Among her many distinctions are the Oregon Book Award, the D.H. Lawrence Award, grants from Oregon Literary Arts and the Oregon Arts Commission, the Editions Prize and the Yellowglen Award from WordTech Editions, many Pushcart nominations, and the Carolyn Kizer Award. She has opened a session of the Oregon State Legislature with a poem, and three of her poems have been read on National Public Radio by Garrison Keillor of “The Writer’s Almanac.”

A certified scuba diver, birdwatcher, an amateur photographer, and a student of languages, Ingrid has taught literature and poetry writing at all educational levels, in hundreds of public-school classrooms, grades K-12, in Oregon, Washington, Utah, Illinois, Iowa, and in ESL classrooms in Germany and Italy.
She has served as Poet-in-Residence at several colleges in the upper Midwest and has given many dozens of readings across the US and overseas.

 

A three-time Fulbright Professor at the Universities of Frankfurt/Main and Freiburg, Germany, Ingrid has taught in the MFA program of Antioch University Los Angeles. Writing residencies and professional travels have given her opportunities to live for one month or more in Mexico, Germany, Italy, Norway, Spain, Great Britain, Utah, Indiana, New Mexico, and Washington State. She has twice traveled to Chile, where she was an exchange student for three months in 1964. Her Spanish ability allows her to teach poetry writing in bilingual classrooms, volunteer as a translator for the AARP tax services program, and to work one-on-one with Spanish-speaking students.

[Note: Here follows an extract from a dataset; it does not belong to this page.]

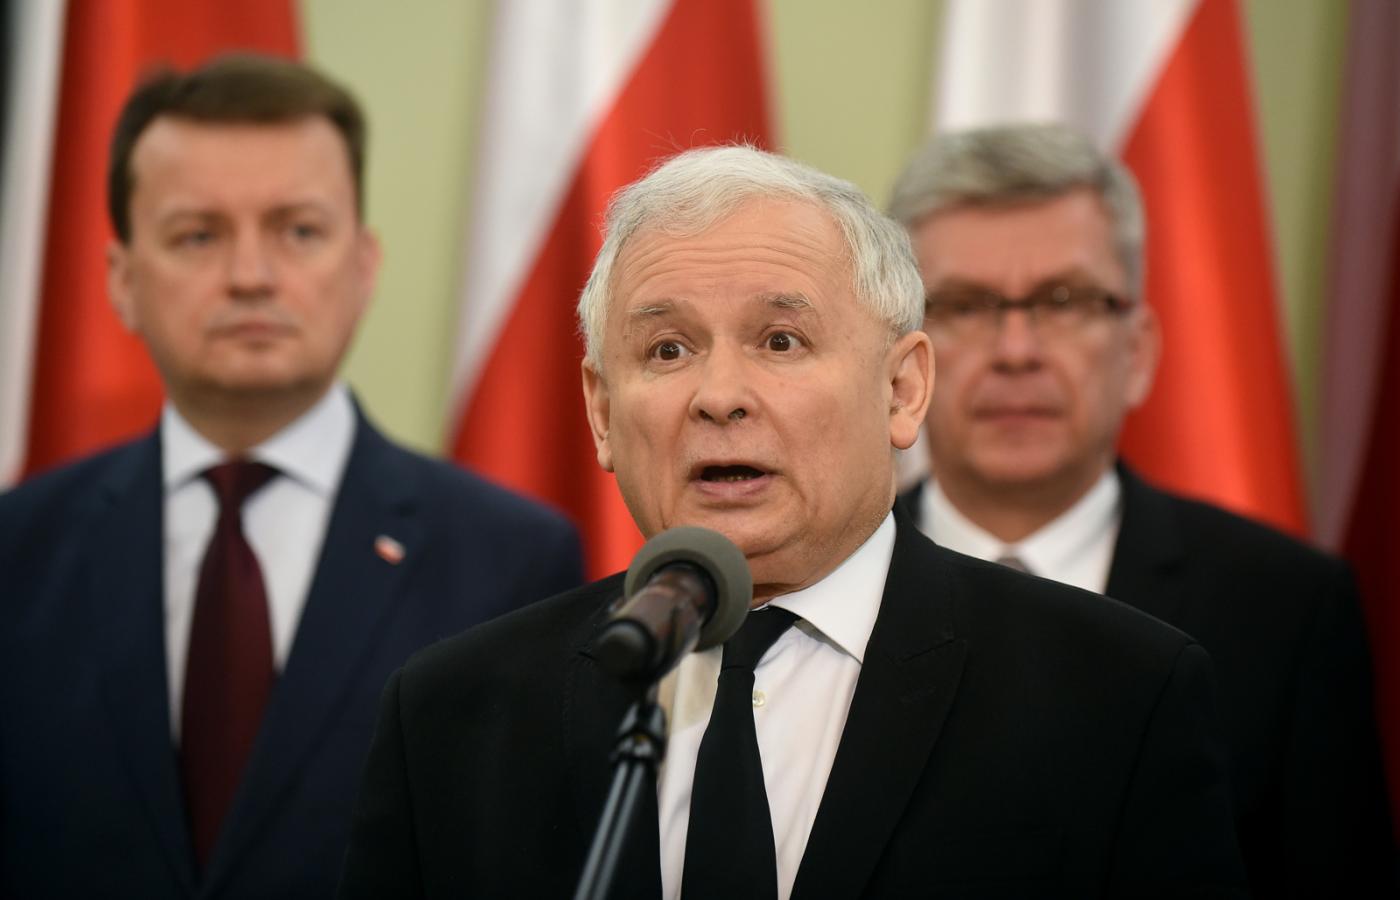 Ugrupowanie Kaczyńskiego zawsze zabiegało o przyjęcie jego pozornie demokratycznej mimikry za rzeczywiste oblicze.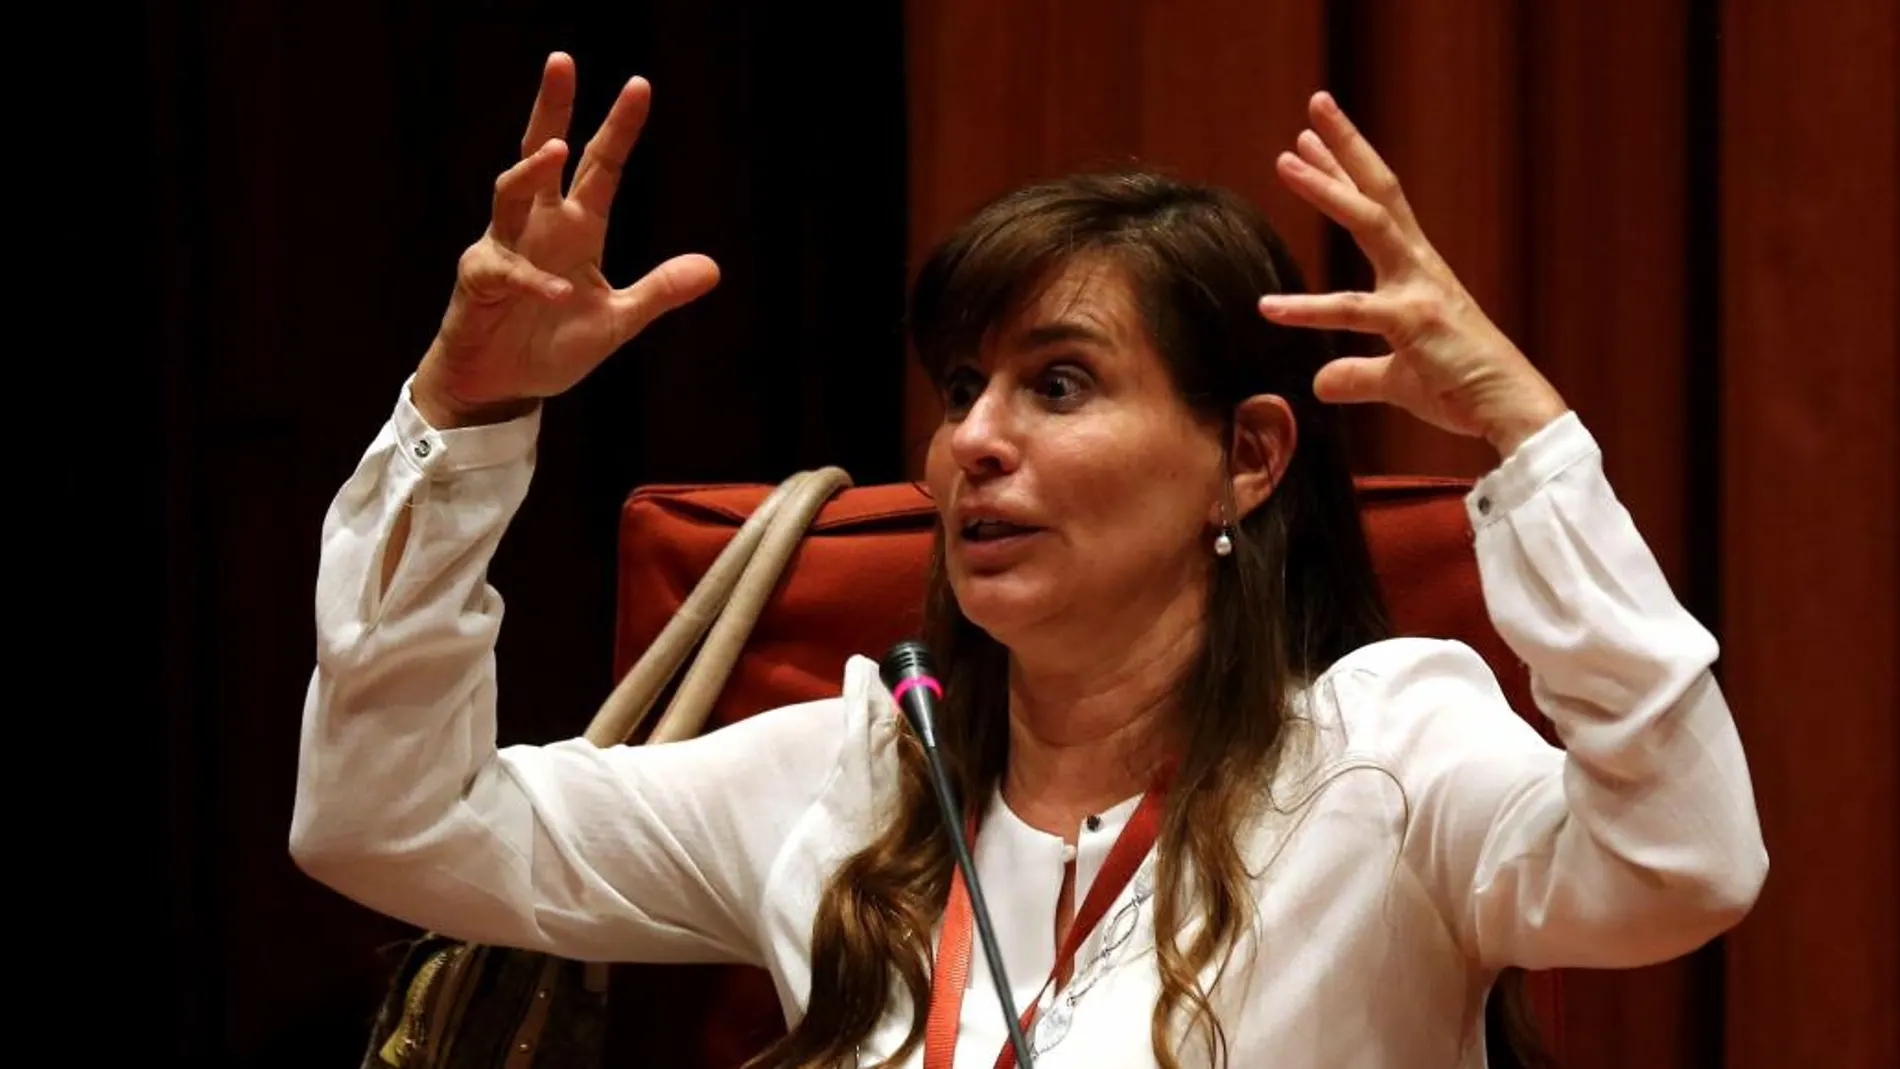 La expareja de Jordi Pujol Ferrusola María Victoria Álvarez, durante su comparecencia ante la comisión

A popular keynote speaker at educational, writing, and international conferences, Ingrid has given teacher-training workshops on poetry writing in the classroom throughout the United States, Germany, and Spain. She keynoted the opening of an International Studies Center at the University of Reading (UK) and a conference of the Oregon Council of Teachers of English. She has also taught sessions for National Writing Project institutes in Oregon, Washington, Utah, Oklahoma, and California. Her book Starting with Little Things: A Guide to Teaching Poetry in the Classroom, now in its sixth printing, is used by teachers throughout the United States and is distributed in Germany by Ernst Klett Schulbuchverlag, a leading publisher of educational materials.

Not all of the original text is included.